Relax…You’re Home

Relax...You're Home

Kristi

In Jesse’s last post he mentioned that we were both working against time to tie up so many loose ends in preparation for our life together.  We went silent for a while because these demands sucked up all of our time.

But the hard part is over and we are finally together.  I finished school and started a new job last month and my daughter and I officially moved into Jesse’s house two weeks ago.  And we are getting used to calling this “our house” and making it a home.  We were so busy and exhausted for so long, but now we are settled and relaxed and feeling like our dream has finally come true.

Now I live with my best friend.  I wake up every morning with the man I love like no other.  I feel like, for the first time in my life, I have a partner to share my life with.  I feel complete and content in a way I never thought possible.  Life is good.

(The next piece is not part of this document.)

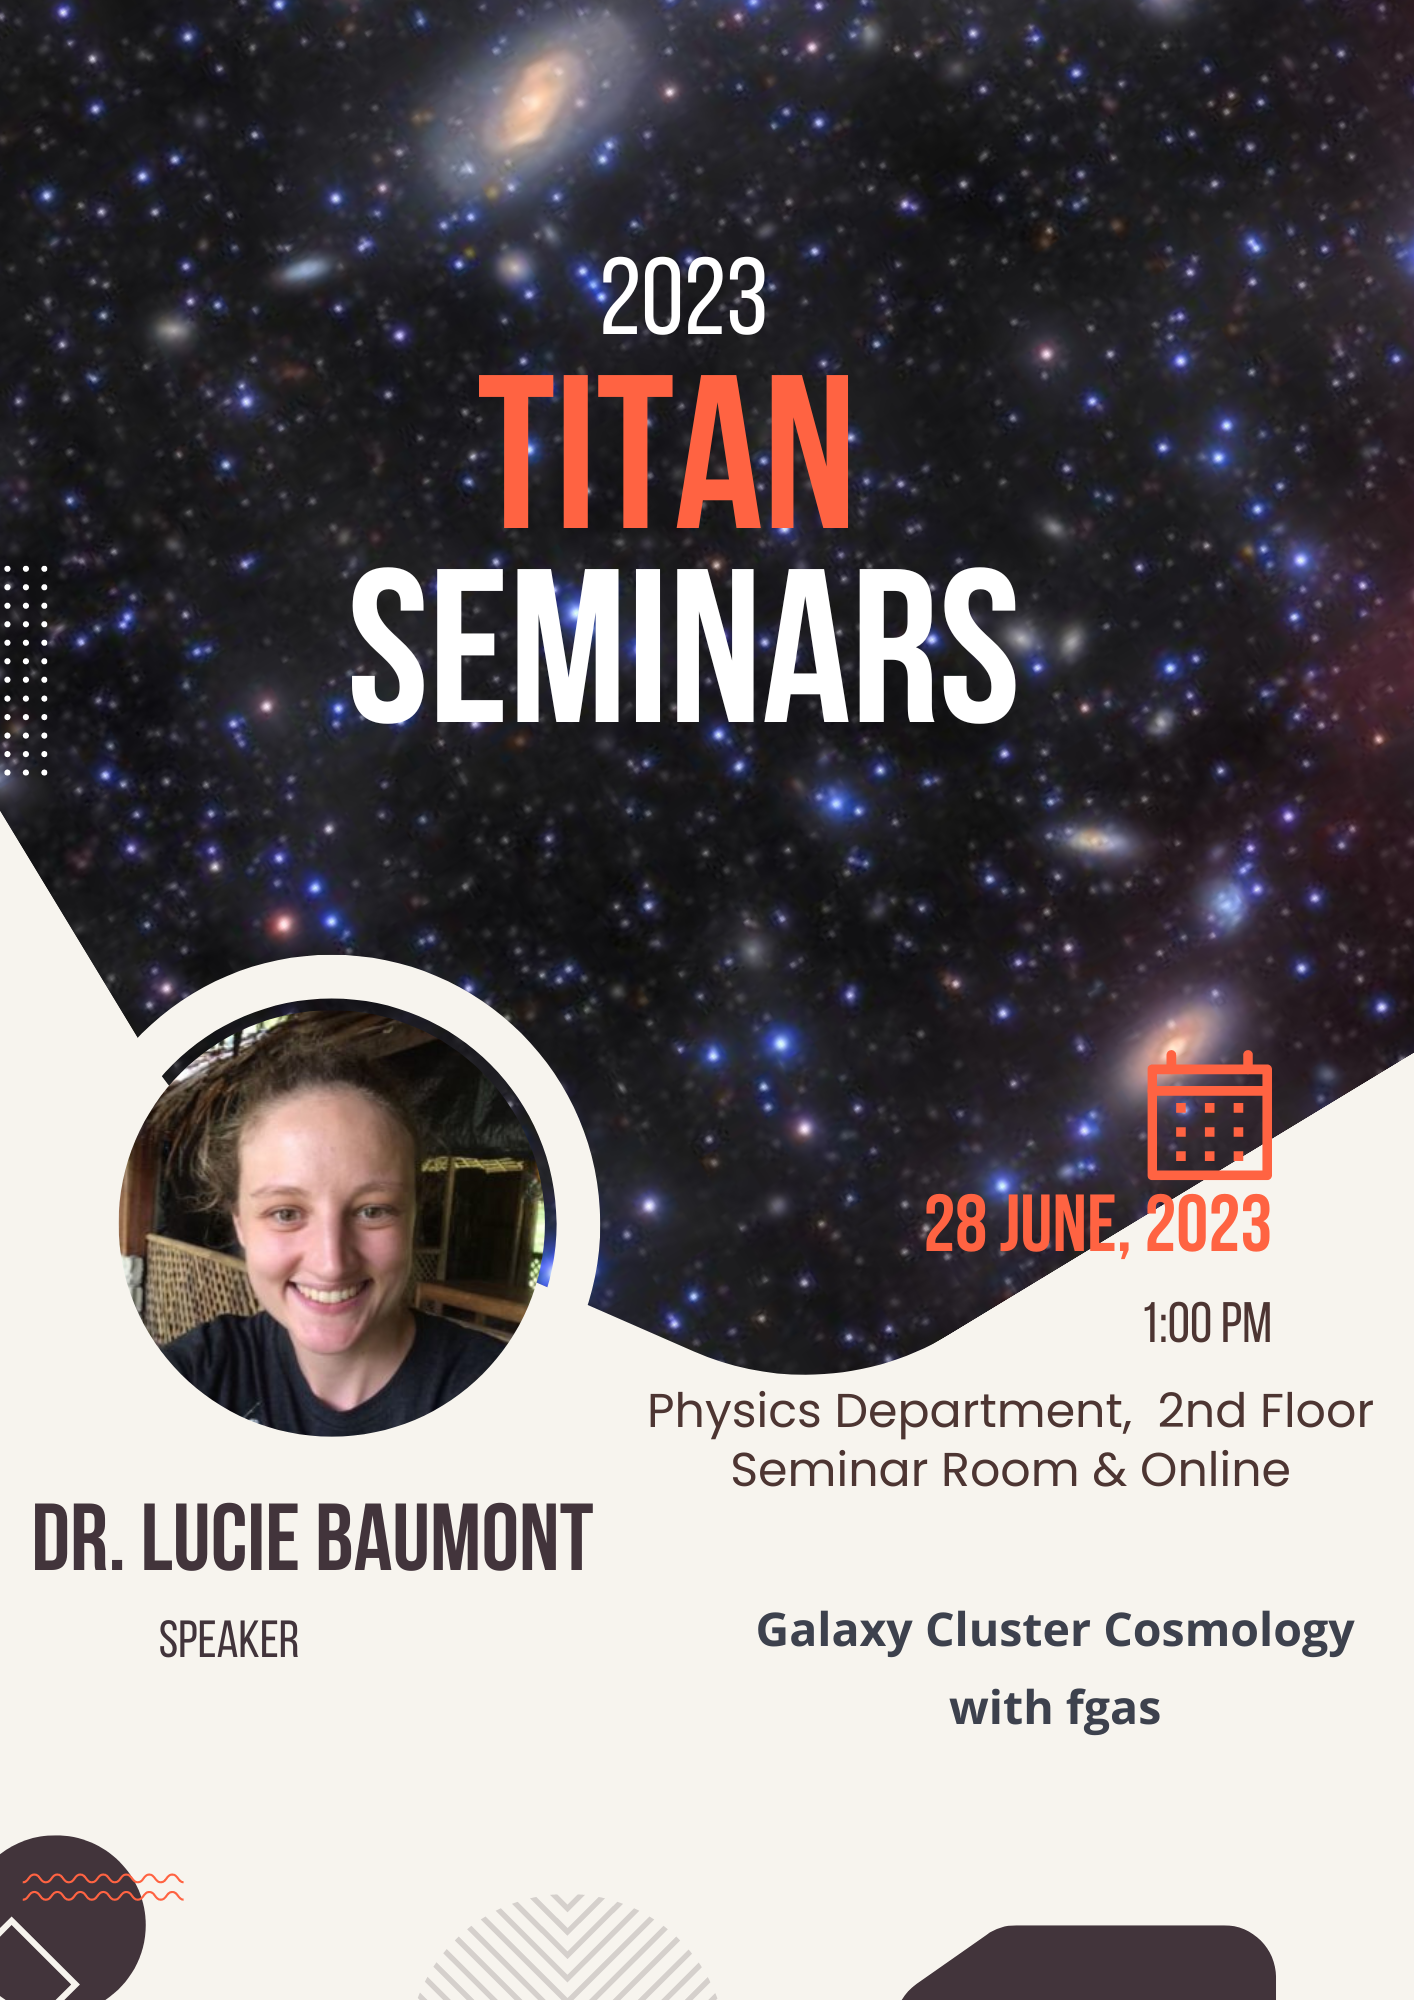 Seminar: Galaxy Cluster Cosmology with fgas

That’s not to say this hasn’t been a challenge.  Today I miss my old job, my wonderful students, my friends, and my family.  I miss the stores I used to shop in every week, and I miss feeling invested in and deeply connected to the town I’d always known.  I am a people person and I make my own friends and my own fun.  I am anxious to make new connections and find reasons to become invested in this new town.  I know that I can’t put all of my expectations of friendship and human contact on Jesse.  I need to build a life here and help my daughter find her place here as well.  This is not easy, but I figure that we’ve come this far, so a little more work is easily done.

As for Jesse, he is every bit the loving, warm, funny, clever, and beautiful man I knew him to be when we spent only our weekends together.  He is also proving to be a loyal and dedicated partner and companion whom I can’t wait to see after work and who can always make me laugh, even when I am sad.  I am so ready to build a new life with Jesse and my daughter, making up new rules as we go along and creating a home that makes us feel like the world can’t touch our happiness.  Life is so good.